• ACTION ITEM: Transcribe each line of the material as it is, and drop any picture.

• SUPPLIED MATERIAL:
====================

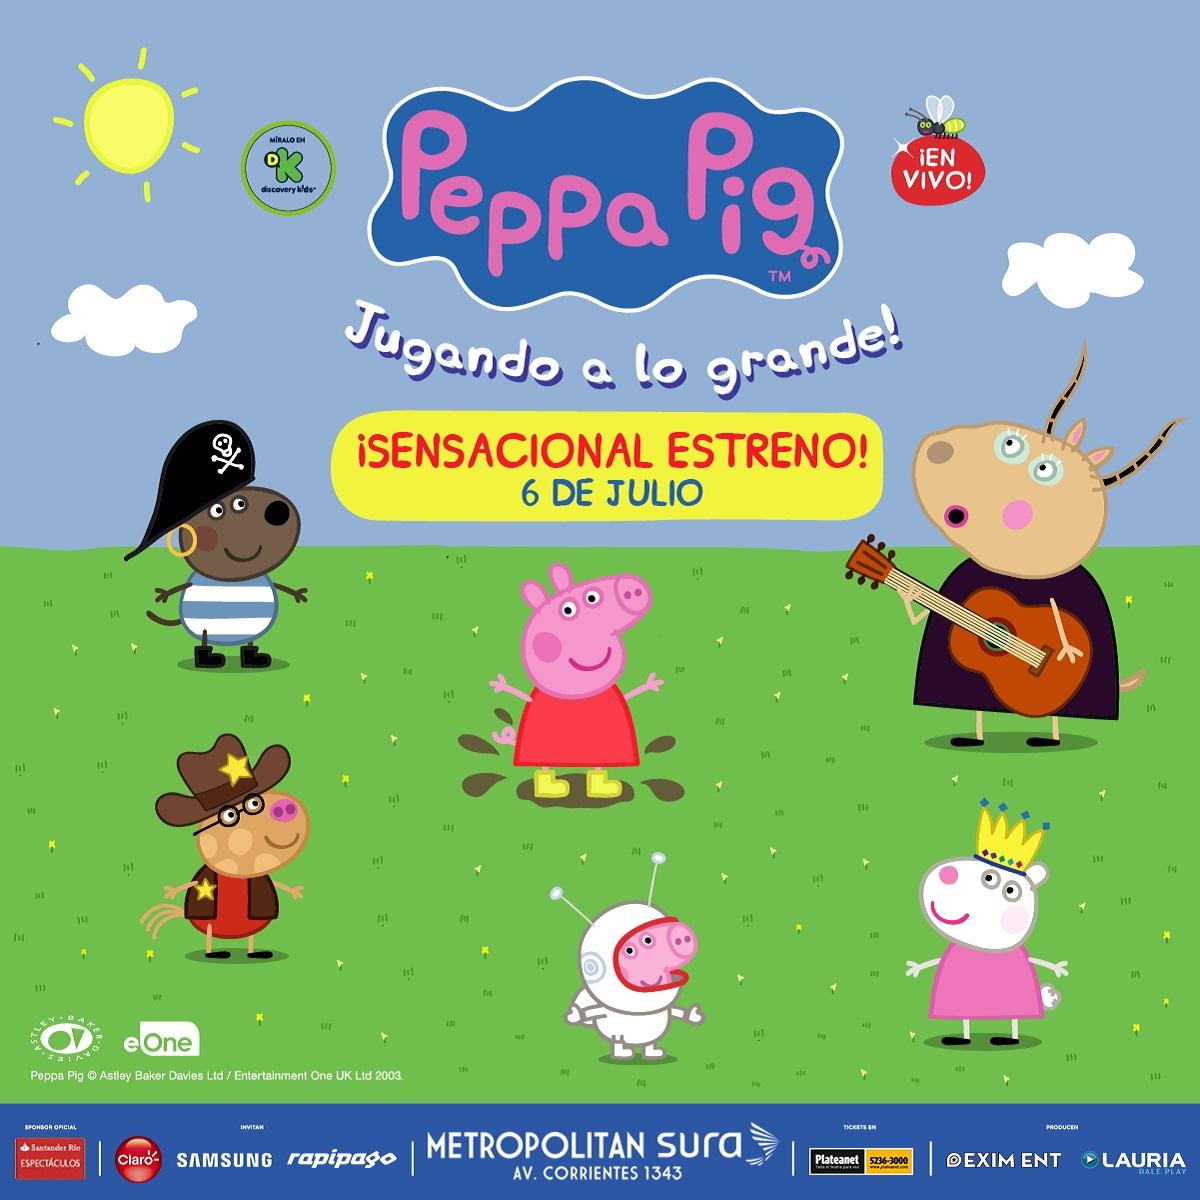 Peppa Pig ¡Jugando a lo grande!
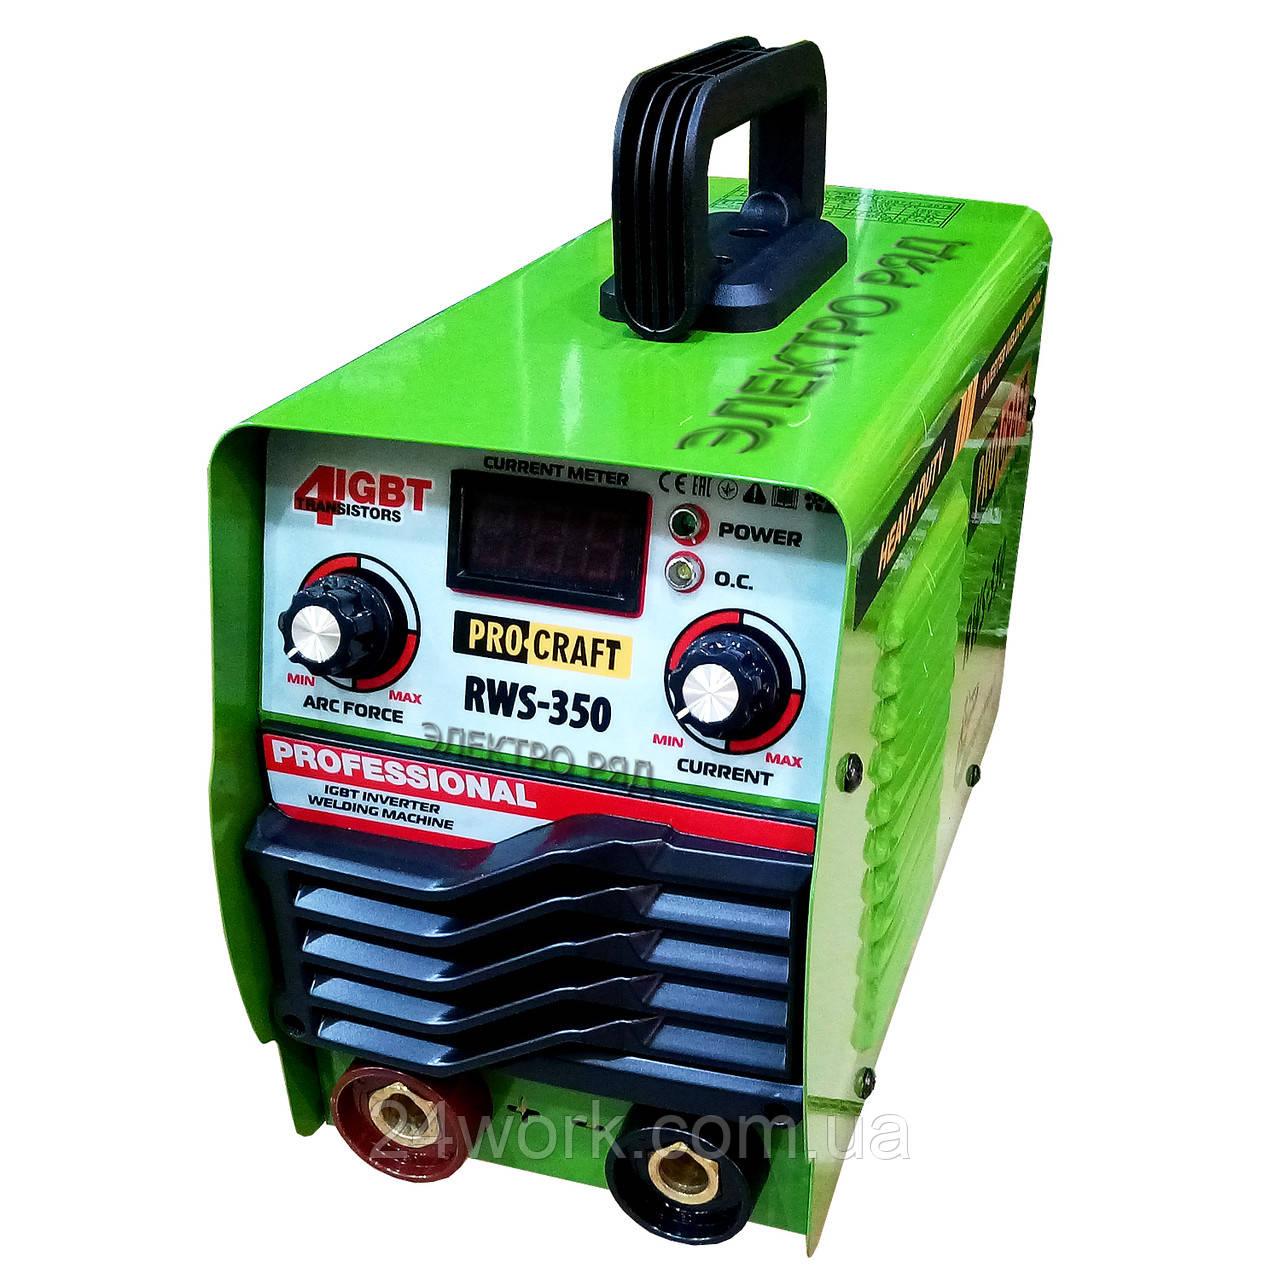 Сварочный аппарат Procraft RWS-350
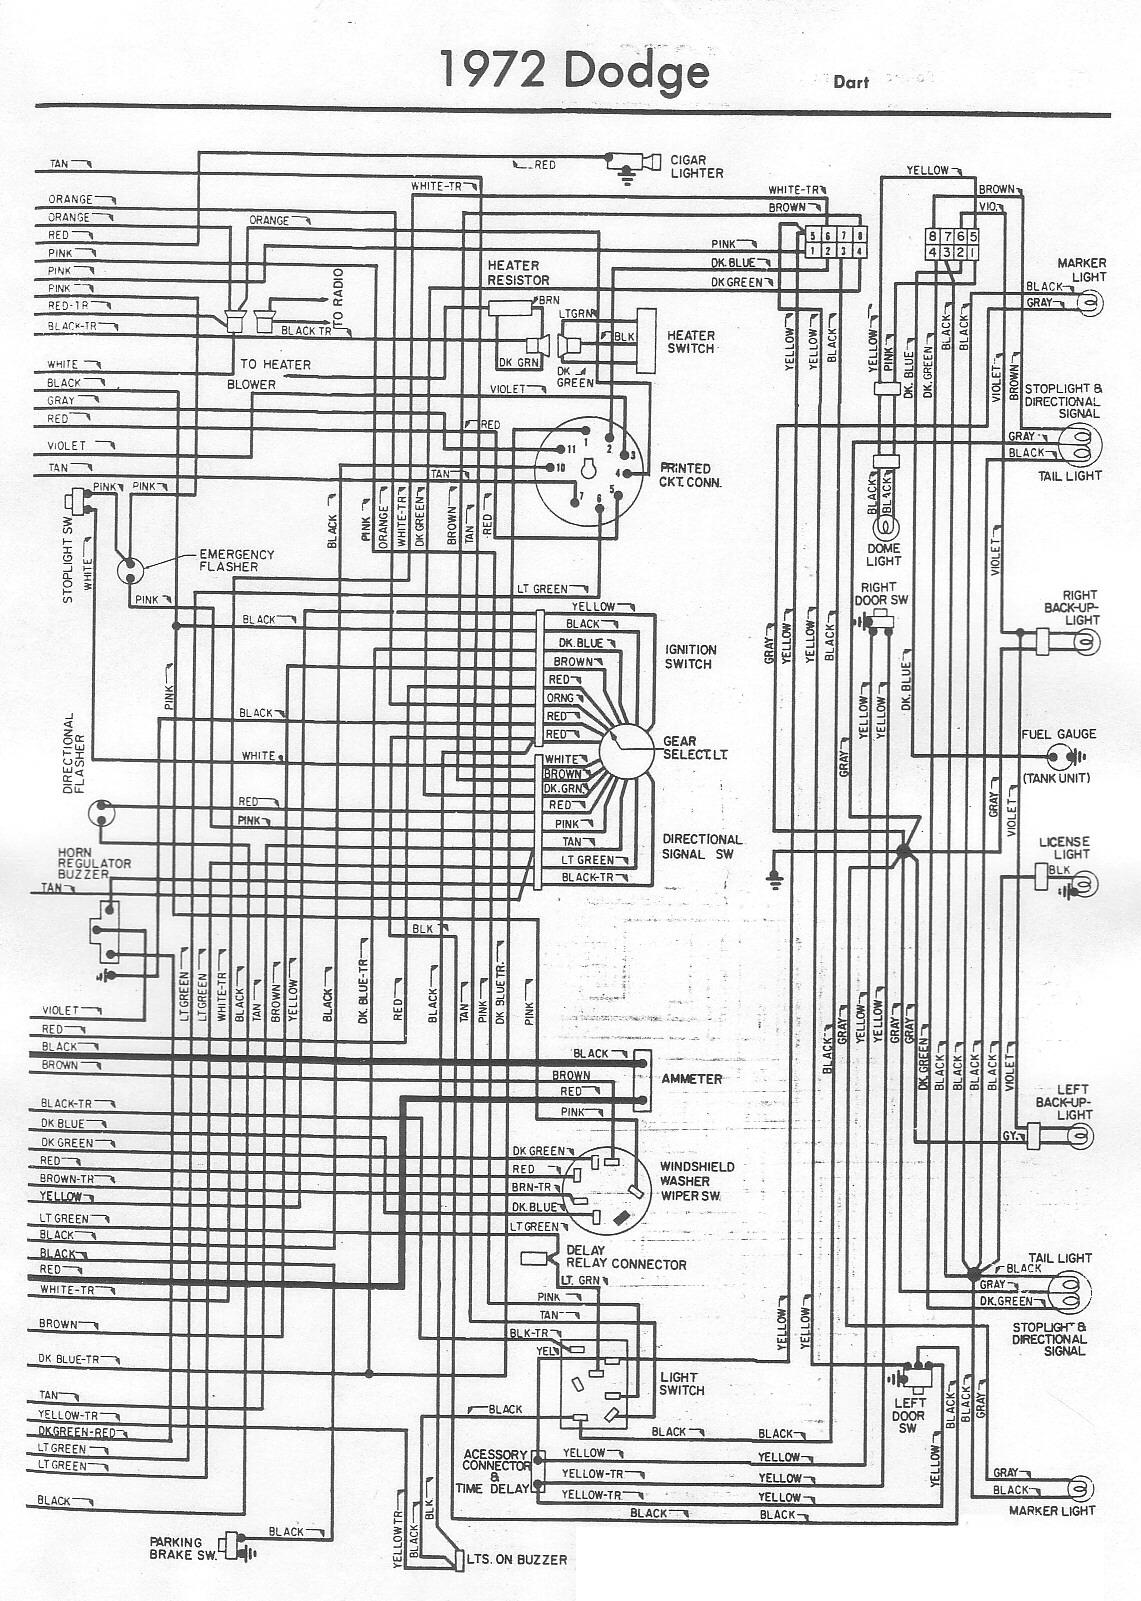 varitone wiring schematics images epiphone up wiring schematic elsavadorla
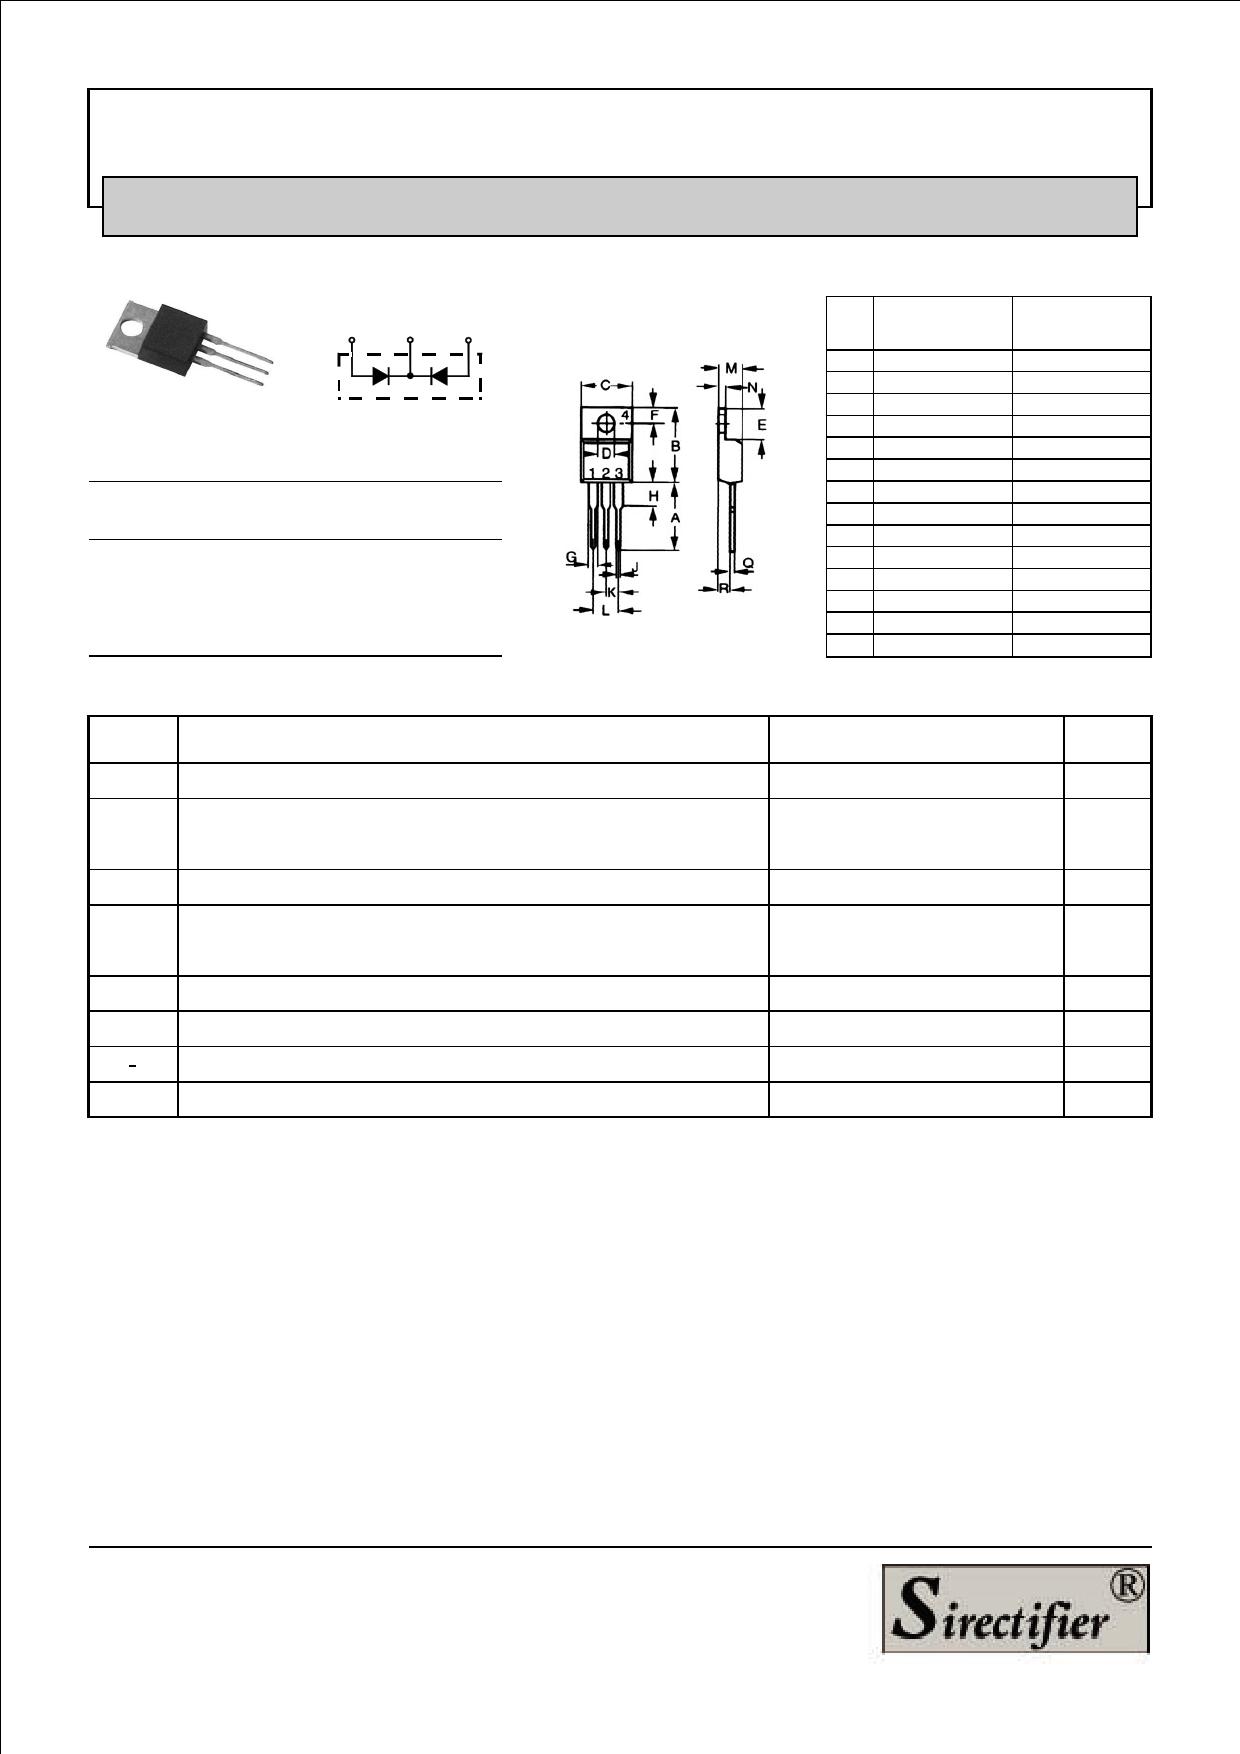 STPRF1615CT Datasheet

====================

• ANSWER BOX:
 Peppa Pig ¡Jugando a lo grande!
 Сварочный аппарат Procraft RWS-350
 varitone wiring schematics images epiphone up wiring schematic elsavadorla
 STPRF1615CT Datasheet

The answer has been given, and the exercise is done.